Items from a dataset:
************
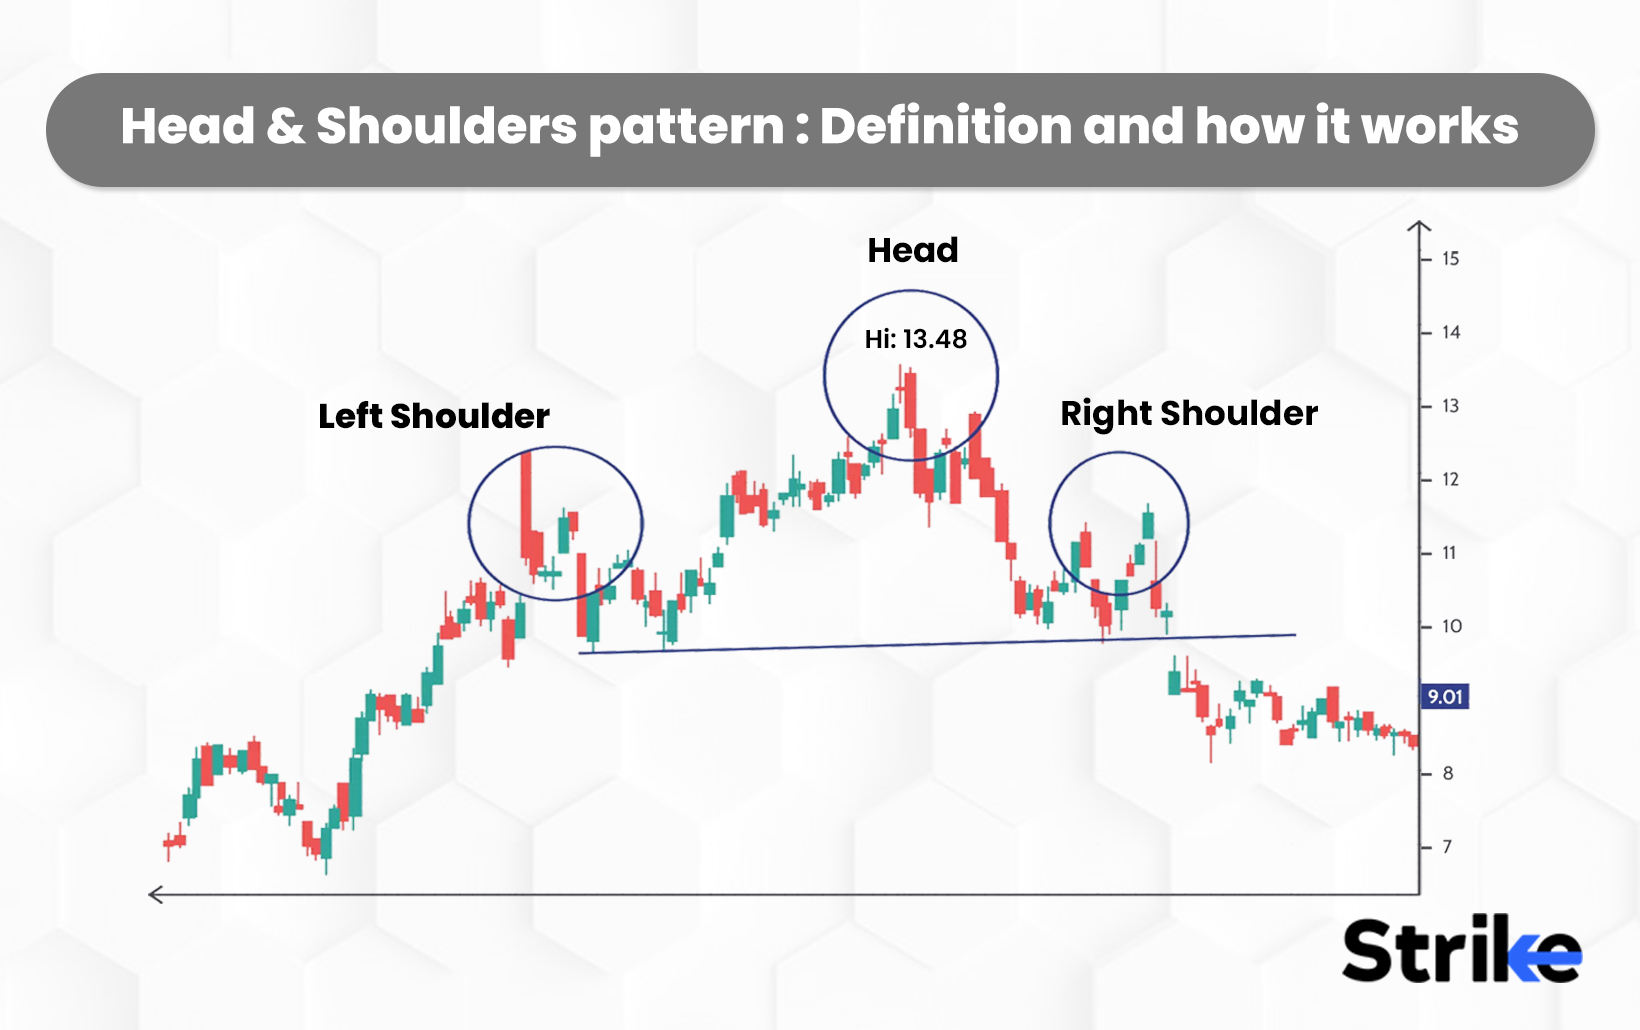 Head and shoulders pattern: Definition and how it works
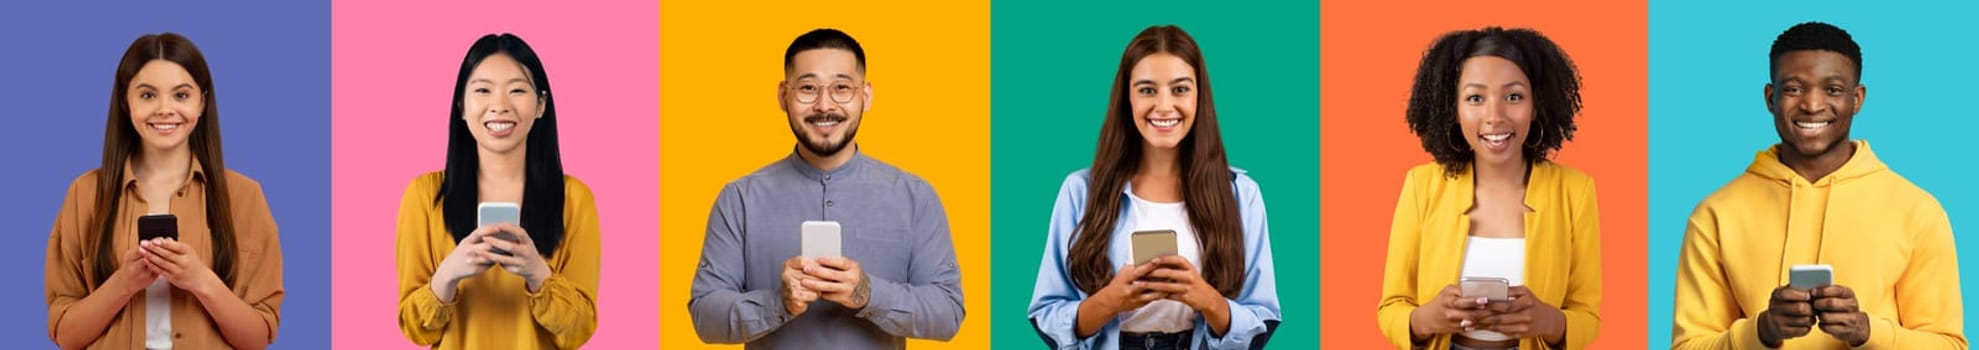 Cheerful men and women of diverse ethnic backgrounds smiling and engaging with smartphones
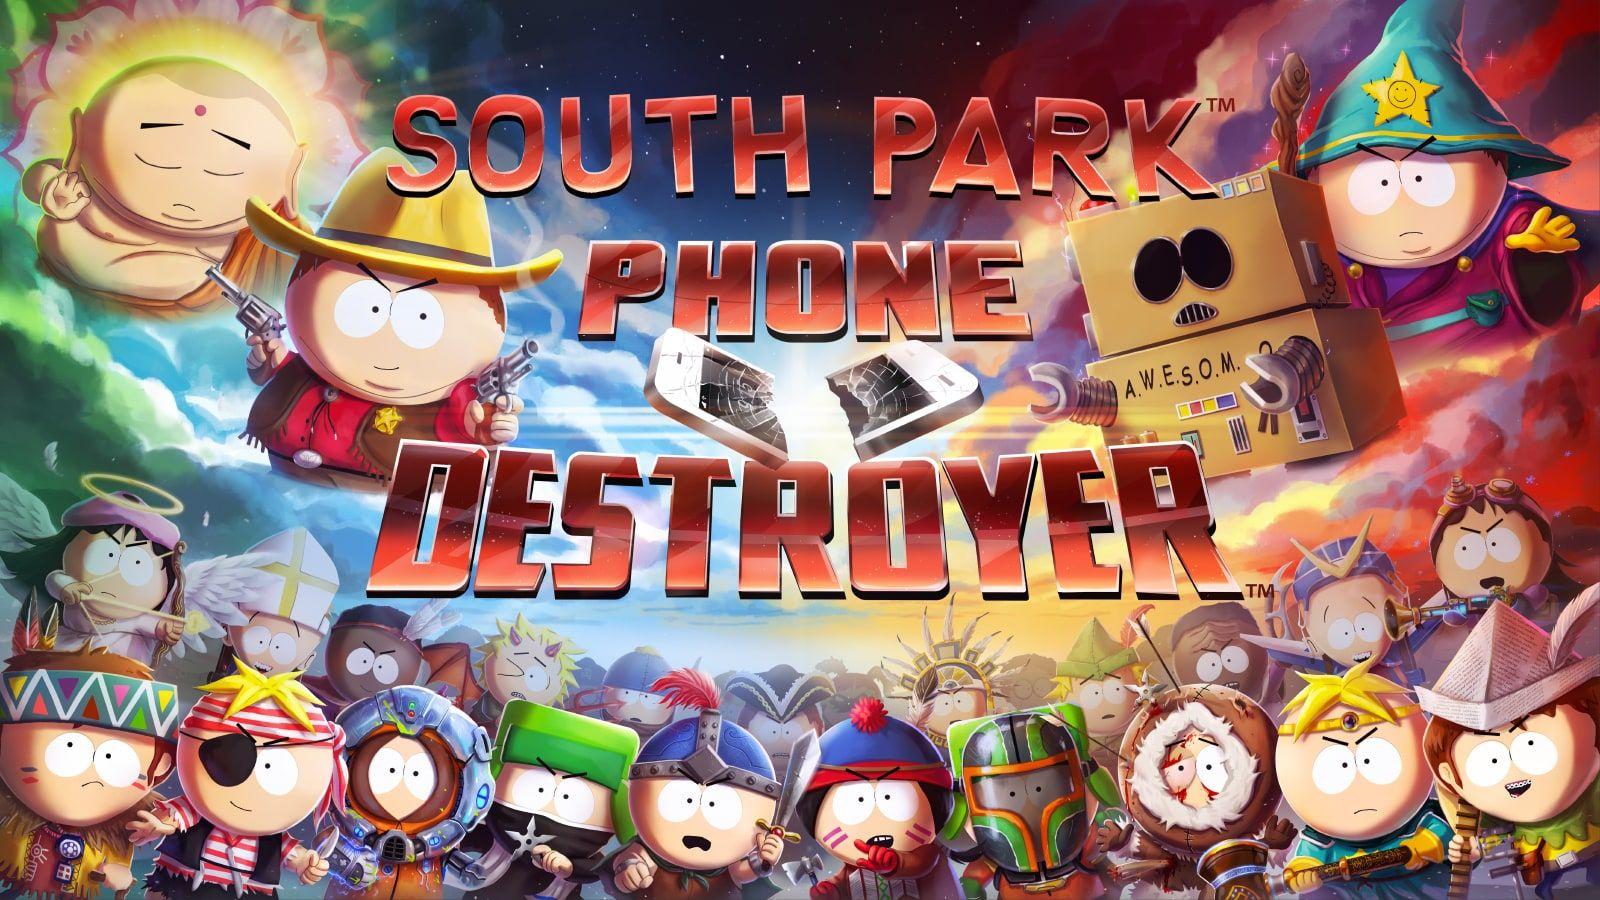 NEW SOUTH PARK: PHONE DESTROYER™ MOBILE GAME REVEALED AT E3. South
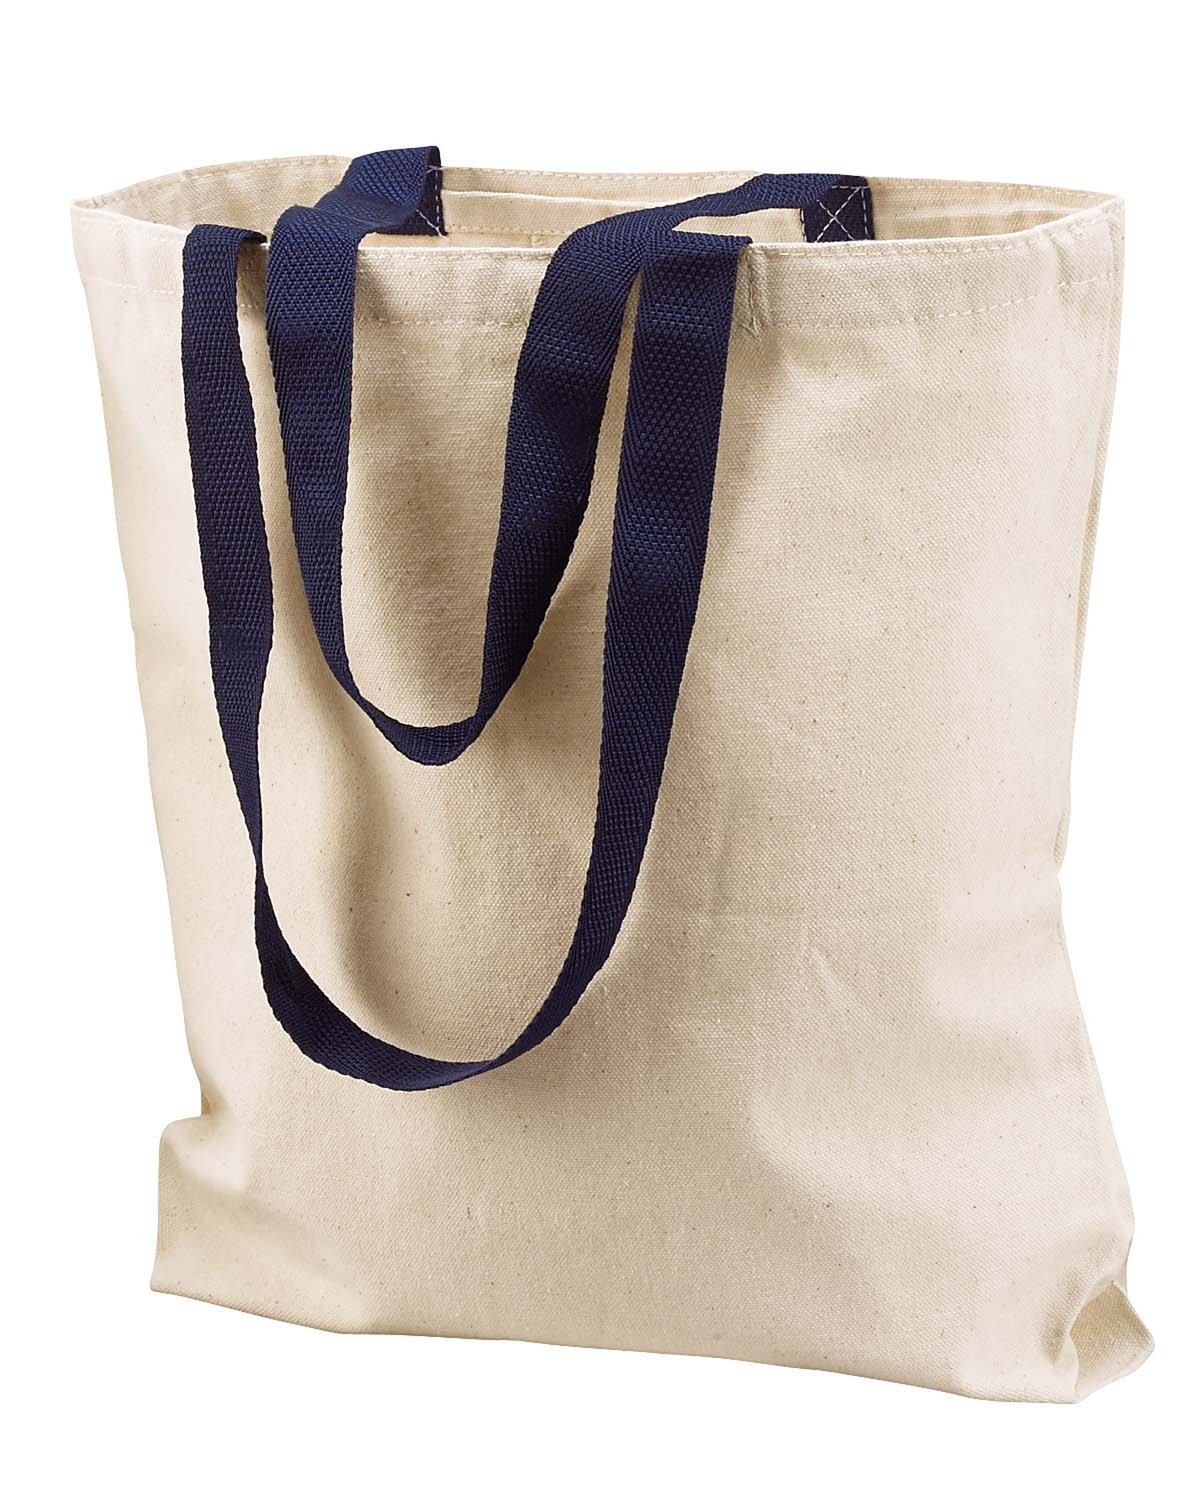 Liberty Bags Marianne Cotton Canvas Tote | alphabroder
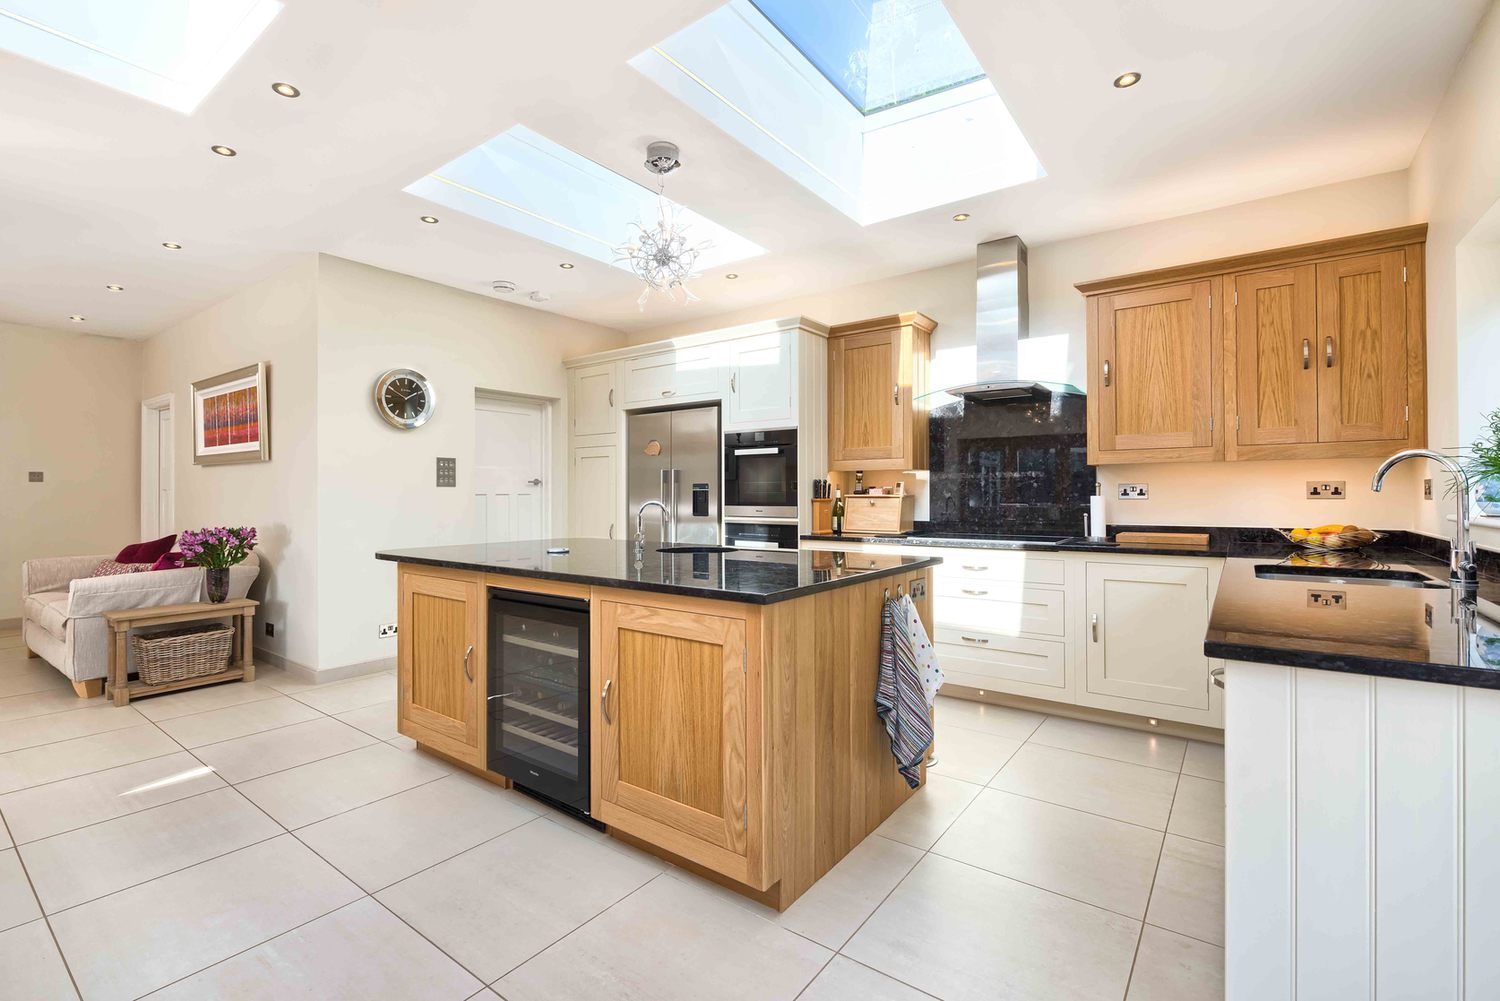 A kitchen with lots of light from a modern house extension by Harvey Norman Architects St Albans
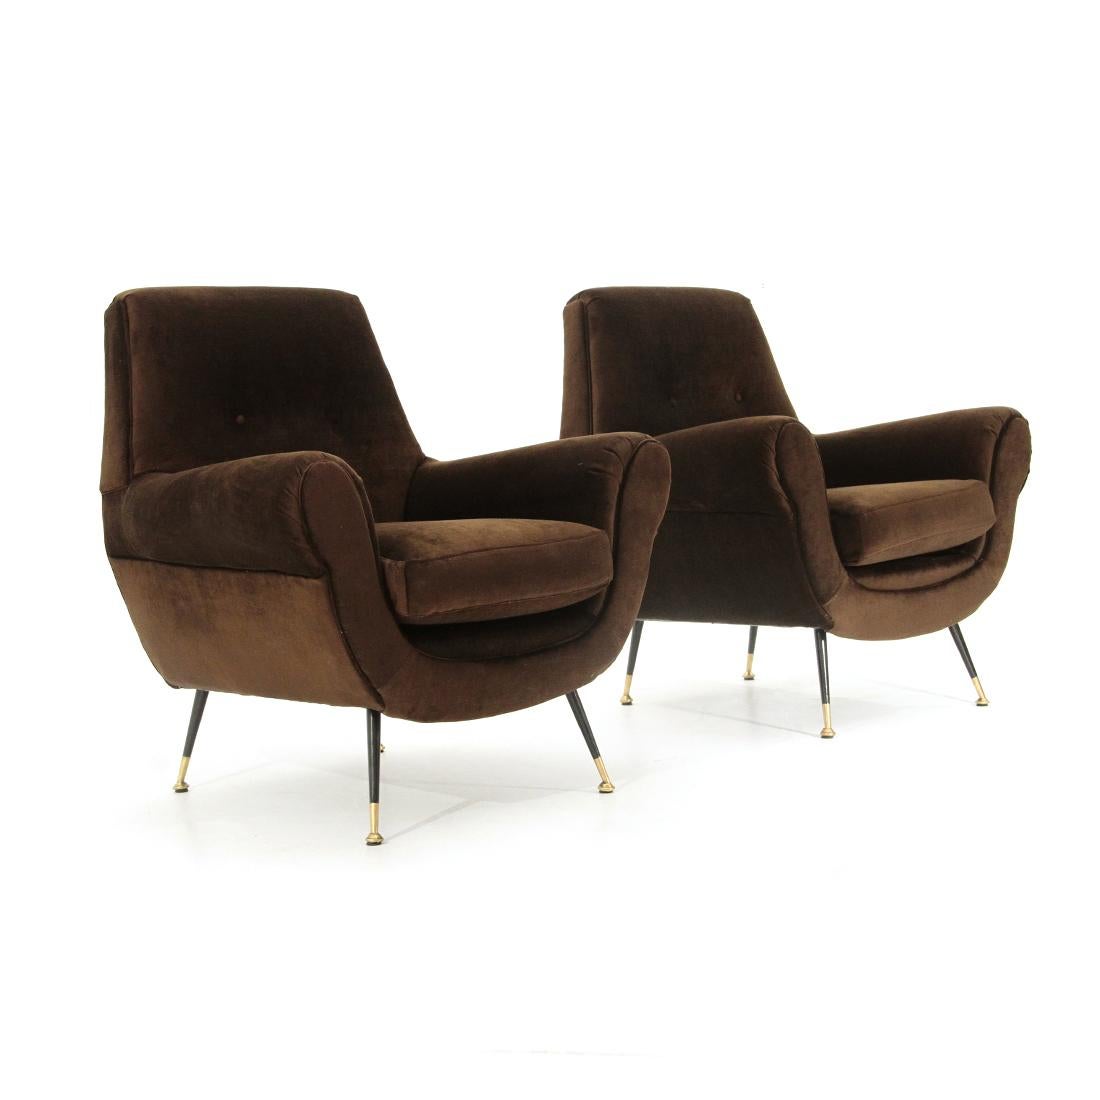 Pair of Italian made armchairs produced in the 1960s.
Wooden structure padded and lined with new brown velvet fabric.
Legs in black painted metal with brass tips and feet.
Good general conditions.

Dimensions: Length 85 cm, Height 58/76 cm.
************
→ REQUIRED WORK
A word-for-word copy is needed of the lines from the line with "NEW SOUTH PARK: PHONE" through the last line of the entries above, with both ends kept and the pictures dropped.

→ TASK OUTPUT
 NEW SOUTH PARK: PHONE DESTROYER™ MOBILE GAME REVEALED AT E3. South
 Liberty Bags Marianne Cotton Canvas Tote | alphabroder
 A kitchen with lots of light from a modern house extension by Harvey Norman Architects St Albans
 Pair of Italian made armchairs produced in the 1960s.
Wooden structure padded and lined with new brown velvet fabric.
Legs in black painted metal with brass tips and feet.
Good general conditions.

Dimensions: Length 85 cm, Height 58/76 cm.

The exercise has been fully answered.